There have been several efforts to identify the relation between the snoring sound and OSA in the literature. In general, loud snoring is one of the indicators of OSA, and it is commonly thought that the frequency and amplitude of snoring are associated with the severity of the OSA [21]. Alshaer et al. [22] employed an acoustic analysis of breath sounds to detect OSA. The previous research suggests that OSA can be detected using snoring attributes. However, clinicians should pay attention to the possibility of missing an OSA diagnosis for patients with minimal snoring. Kang et al. [23] applied linear predict coding (LPC) and Mel-frequency cepstral coefficient (MFCC) features to detect OSA based on the amplitude of the snoring signal. The proposed method was able to classify three different events, namely, snoring, apnea, and silence, from sleep recordings with accuracies of 90.65%, 90.99%, and 90.30%, respectively.
Feature extraction and feature selection are the most commonly used techniques for data dimensionality reduction. Several papers have been published that highlight the importance of feature selection in OSA detection. Various features are extracted from the ECG signals; then, feature selection is used to reduce the number of extracted features and to determine the most valuable features related to OSA. In the stage of feature extraction, a set of features is extracted from the time series data, which aims to reveal the hidden information within the ECG signal. However, a feature set may contain redundant and irrelevant information, and feature selection is adopted to resolve this issue. A feature selection algorithm can help find the nearly optimal combination of features. Although feature selection is an expensive method, it can produce better classification performance, and high accuracy is significantly important in OSA detection. There are different classification methods that are used to select important features, such as support vector machine (SVM) networks, k-nearest neighbor (kNN) algorithms, artificial neural networks (ANN), linear discriminant analysis (LDA), and logistic regression (LR).

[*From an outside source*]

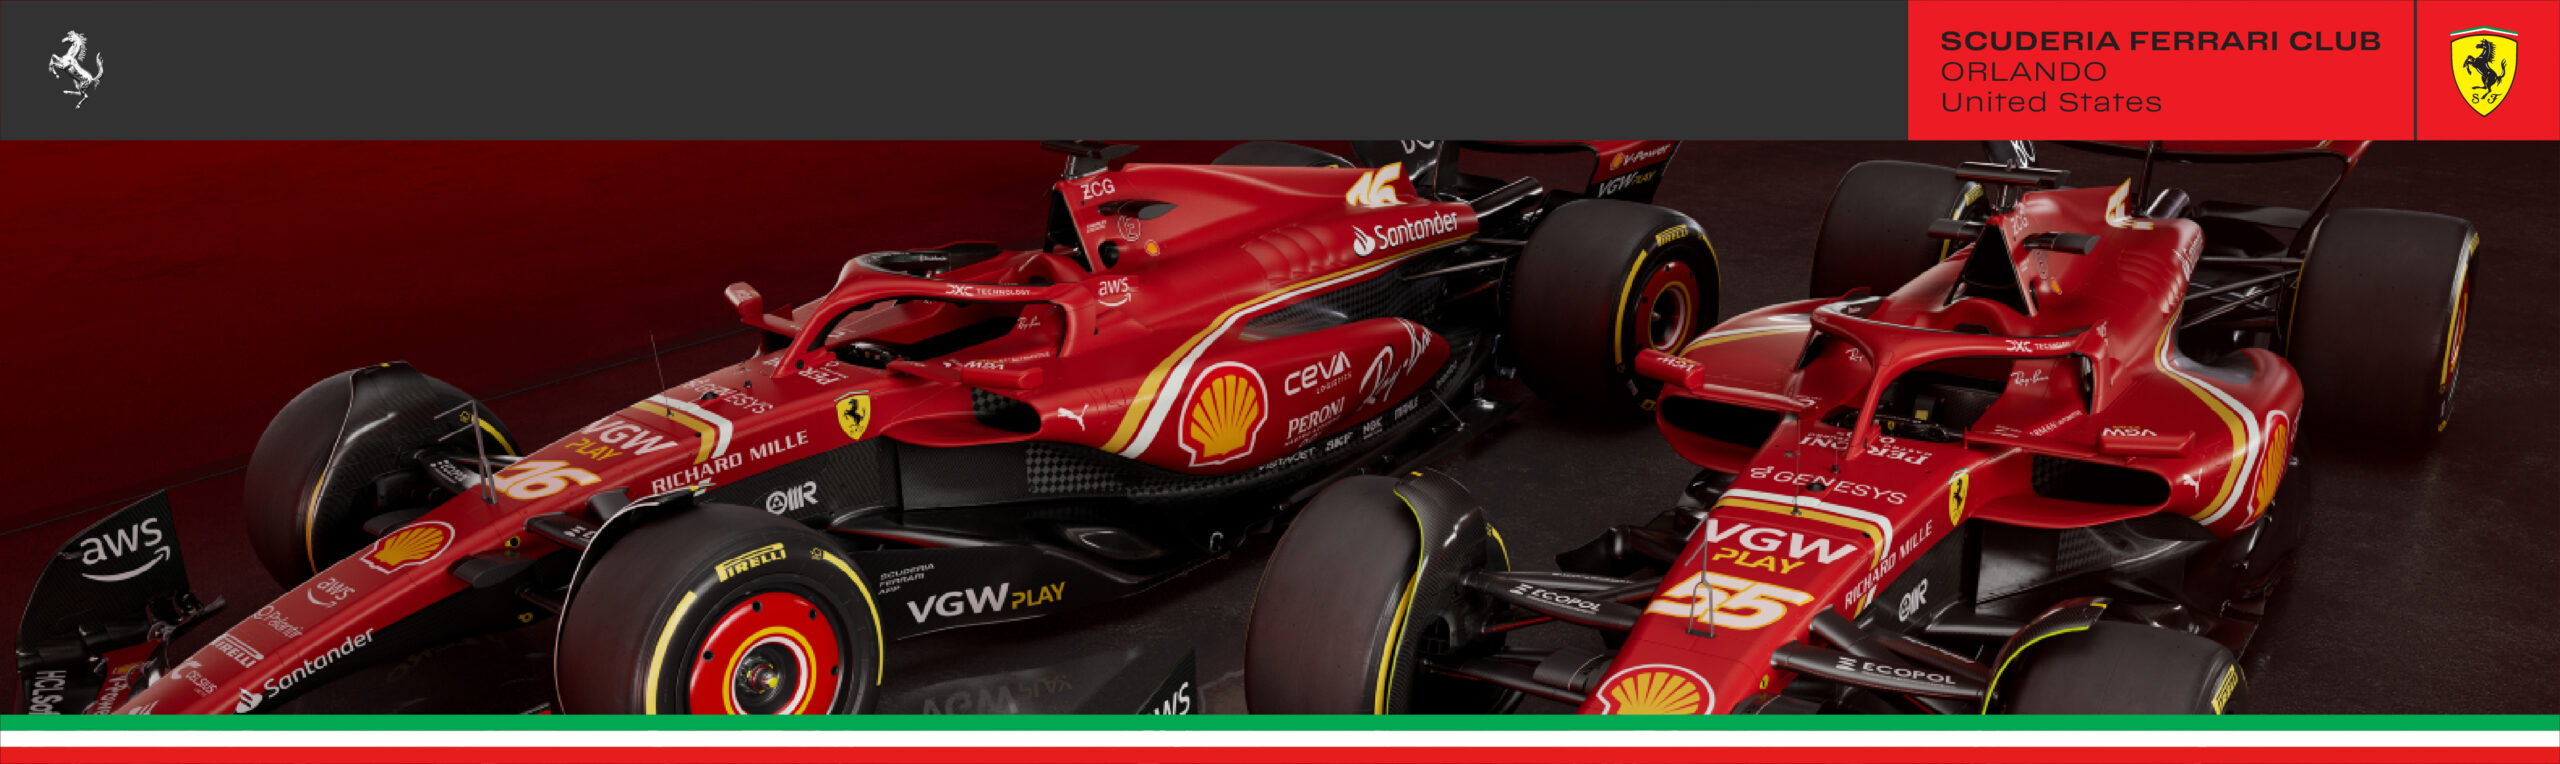 Scuderia Ferrari Club Orlando

Many researchers have used demographic data to identify OSA. Sheta et al. [24,25] applied LR and ANN models to detect OSA based on demographic data. A real dataset was used that consists of several demographic features (i.e., weight, height, hip, waist, BMI, neck size, age, snoring, the modified Friedman (MF) score, the Epworth sleepiness scale, sex, and daytime sleepiness). The obtained results suggested that the proposed method could detect OSA with an acceptable accuracy. Surani et al. [26] applied the AdaBoost method as a machine learning classifier to detect OSA based on demographic data. The obtained results were promising. Surani et al. [27] applied a wrapper feature selection method based on binary particle swarm optimization (BPSO) with an ANN to detect OSA. The obtained results illustrated that the use of BPSO with an ANN can detect OSA with high accuracy. Haberfeld et al. [28] proposed a mobile application called Sleep Apnea Screener (SAS) to detect OSA based on demographic data. The authors used nine demographic features (i.e., height, weight, waist, hip, BMI, age, neck, M. Friedman, Epworth, snoring, gender, and daytime sleepiness). The application had two machine learning methods: LR and SVM. Moreover, the authors studied the performance of each classifier based on gender. The reported results showed that the proposed application can help patients detect OSA easily compared to an overnight test for OSA diagnosis.

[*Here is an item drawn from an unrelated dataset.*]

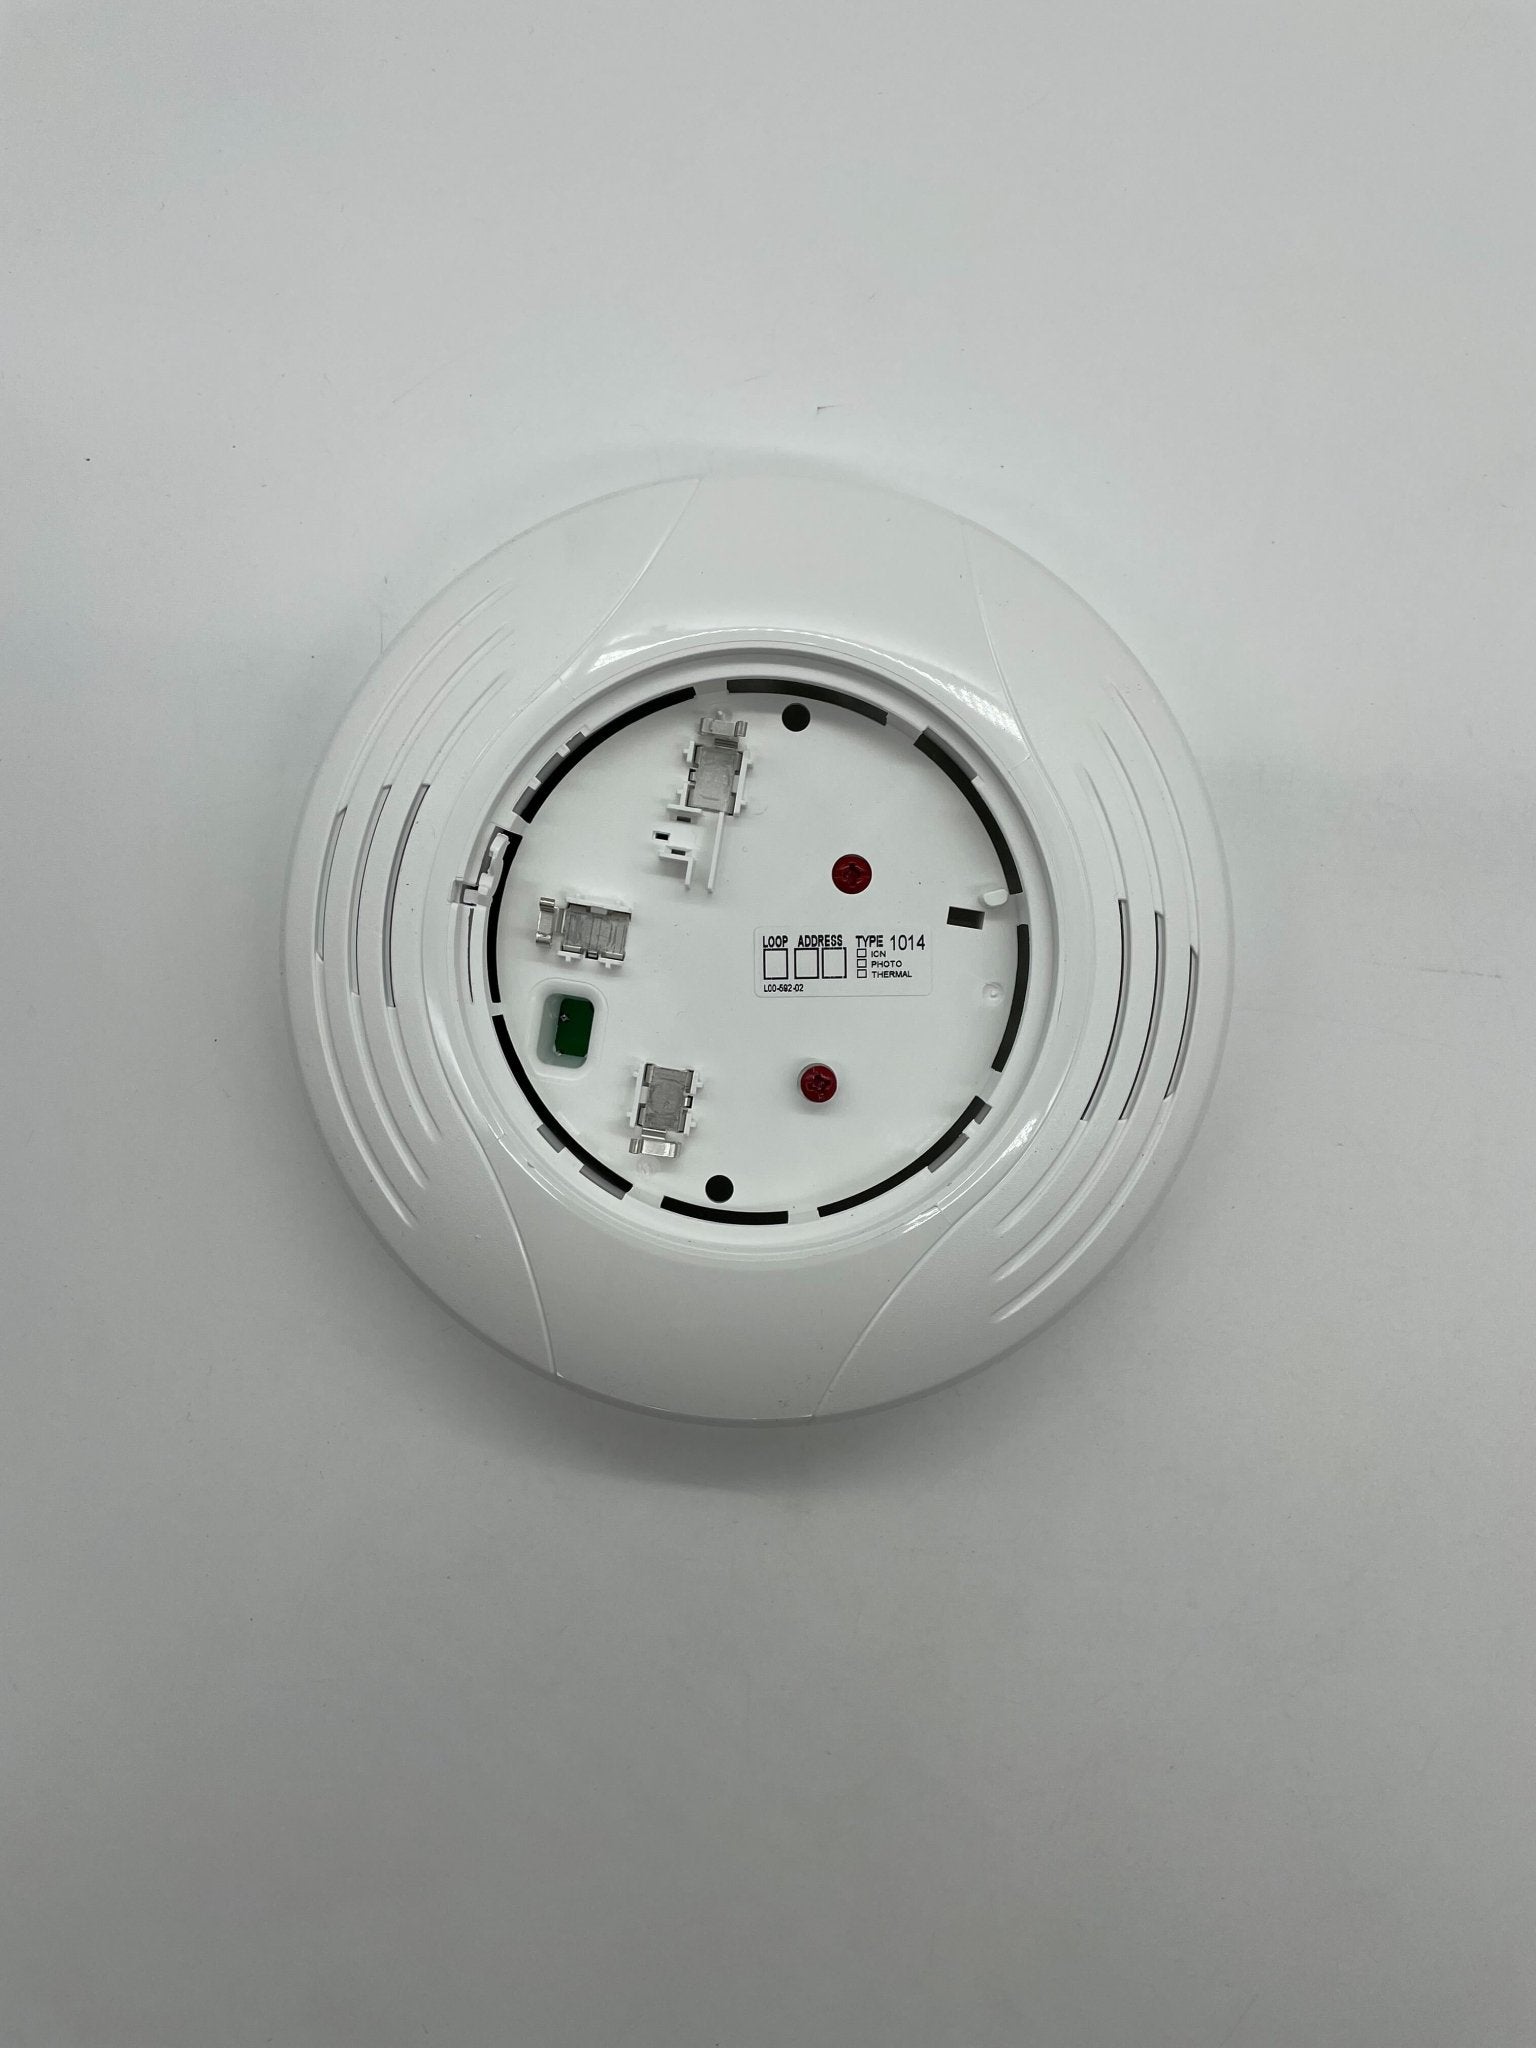 System Sensor B224BI-WH - The Fire Alarm Supplier

There are many screening approaches for OSA, including tools such as the Berlin Questionnaire, the STOP-BANG Questionnaire, Epworth Sleepiness Scale (ESS), clinical assessment, and population-specific screening tools [29]. These approaches aim to identify individuals at a higher risk of OSA based on symptoms, risk factors, and questionnaire responses. Positive screening results prompt further evaluation using diagnostic tests such as polysomnography (PSG) or home sleep apnea testing (HSAT). Screening helps prioritize resources and directs individuals toward comprehensive sleep assessments. Subramanian et al. [30] introduced a novel screening approach known as the NAMES, which employs statistical methods to identify OSA. The NAMES assessment combines various factors, including neck circumference, airway classification, comorbidities, the Epworth scale, and snoring, to create a comprehensive evaluation that incorporates medical records, current symptoms, and physical examination findings. Experimental findings demonstrated the efficacy of the NAMES assessment in detecting OSA. Furthermore, the inclusion of BMI and gender in the assessment improved its screening capabilities.
This work proposes an efficient classification framework for the early detection of OSA. In specific, it is an extension of the NAMES work machine learning classification method and utilizes a metaheuristic-based feature selection scheme. The main contributions are summarized as follows:
  • The OSA data was grouped based on age, sex, and race variables for performance improvement. This type of grouping is novel and has never been presented in this area of research before.
  • Various types of the most well-known machine learning algorithms were assessed to determine the best-performing one for the OSA problem. These methods included twelve predefined (fixed) parameter classifiers and two optimized classifiers (using hyperparameter optimization).
  • A wrapper feature selection approach using particle swarm optimization (PSO) was employed to determine the most valuable features related to the OSA.
  • Experimental results from the actual data (collected from Torr Sleep Center, Texas, USA) confirmed that the proposed method improved the overall performance of the OSA prediction.
The rest of this paper is organized as follows: Section 2 presents the proposed method used in this work. Section 3 gives a brief description of the dataset used in the experiment. Section 5 discusses the experimental results and simulations. Finally, the conclusion and future work are presented in Section 8.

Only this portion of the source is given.